Ryder's mother, Heather, flew to Christchurch to be with her son in the aftermath of this week's assault. The pair reconciled some time ago after she left Ryder's father when Jesse was very young.

He and dad Peter shuttled around Wairarapa before pitching up in Napier.

In terms of a parental role model, Peter had shortcomings. A decent club cricketer with a fondness for the social aspects of the game, father passed on to son his love of the sport. Other aspects of his influence were not so positive.

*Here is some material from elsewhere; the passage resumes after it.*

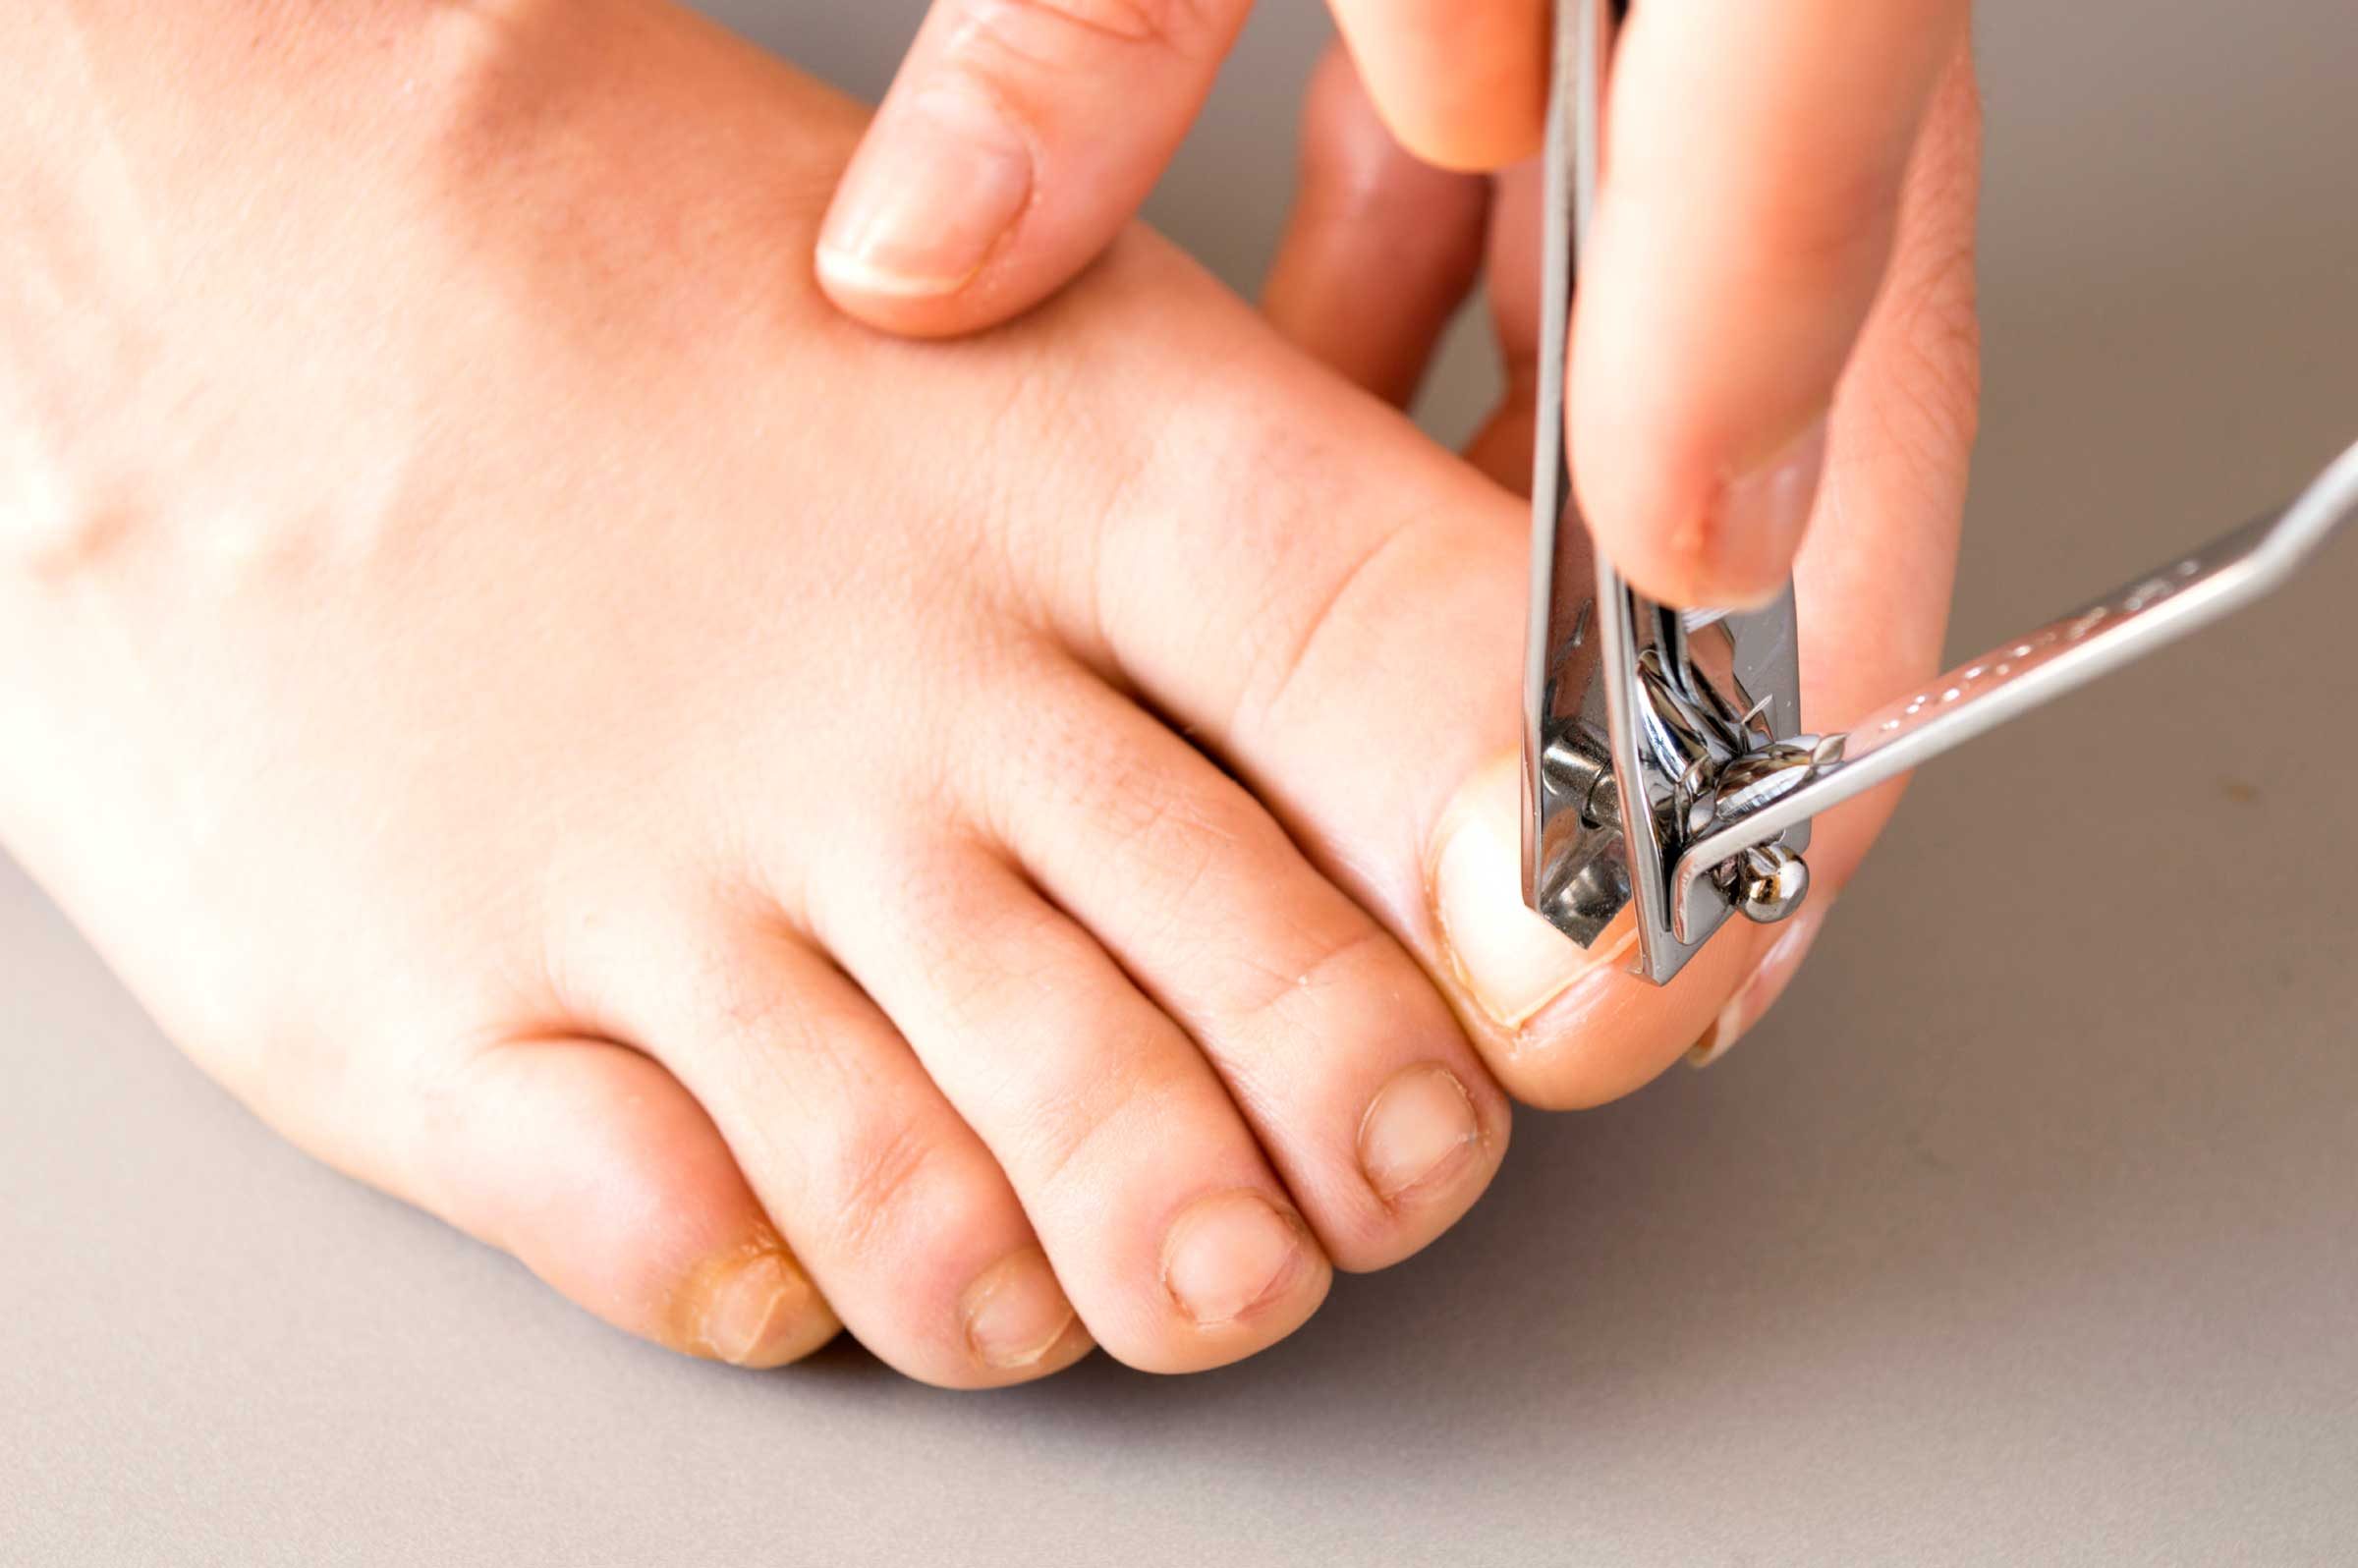 https://www.rd.com/wp-content/uploads/2016/03/08-healthy-feet-tips-diabetes-toenail-clippers.jpg

One day, aged 14, Jesse was dropped at a mate's place. Peter told him he would see him in a week but instead left to start a new life in Australia.

In an interview with the Herald in 2008, Ryder's long-time friend B.J. Crook, a former first-class cricketer, said simply: "It's got to be tough without a father figure."

Klee has filled that void to an extent. Nominally Ryder's manager, Klee has always been much more than that: friend, counsellor, defender of his reputation, gatekeeper; providing a shield for Ryder.

Over the next few months, he's going to need help, though he shouldn't be short of offers.

It's hard to find a teammate who wants anything but for Ryder to realise his extraordinary talent. That's always been the way. Even at the worst of times he was a popular team member.

New Zealand has seldom produced a batsman so naturally capable of destroying opposition attacks; New Zealand has seldom produced an athlete so seemingly capable of destroying himself.

As long as he was continuing to do the former and was endeavouring to stop doing the second, they wanted him alongside.

Captain Brendon McCullum said in December it was "tough" to watch Ryder smashing domestic bowling attacks, knowing he was capable of doing the same thing at international level, but at the same time cautioned about Ryder coming back too early.

Now the question is whether he can come back at all. Ryder faces his toughest battle - first to survive, then to recover. Everybody who has any passion for the game wants it to happen. Getting him back to play international cricket - or any sort of cricket - might seem hopelessly irrelevant, were it not for the fact that out in the middle, with a 156g projectile flying around, is the one place he has always been safest.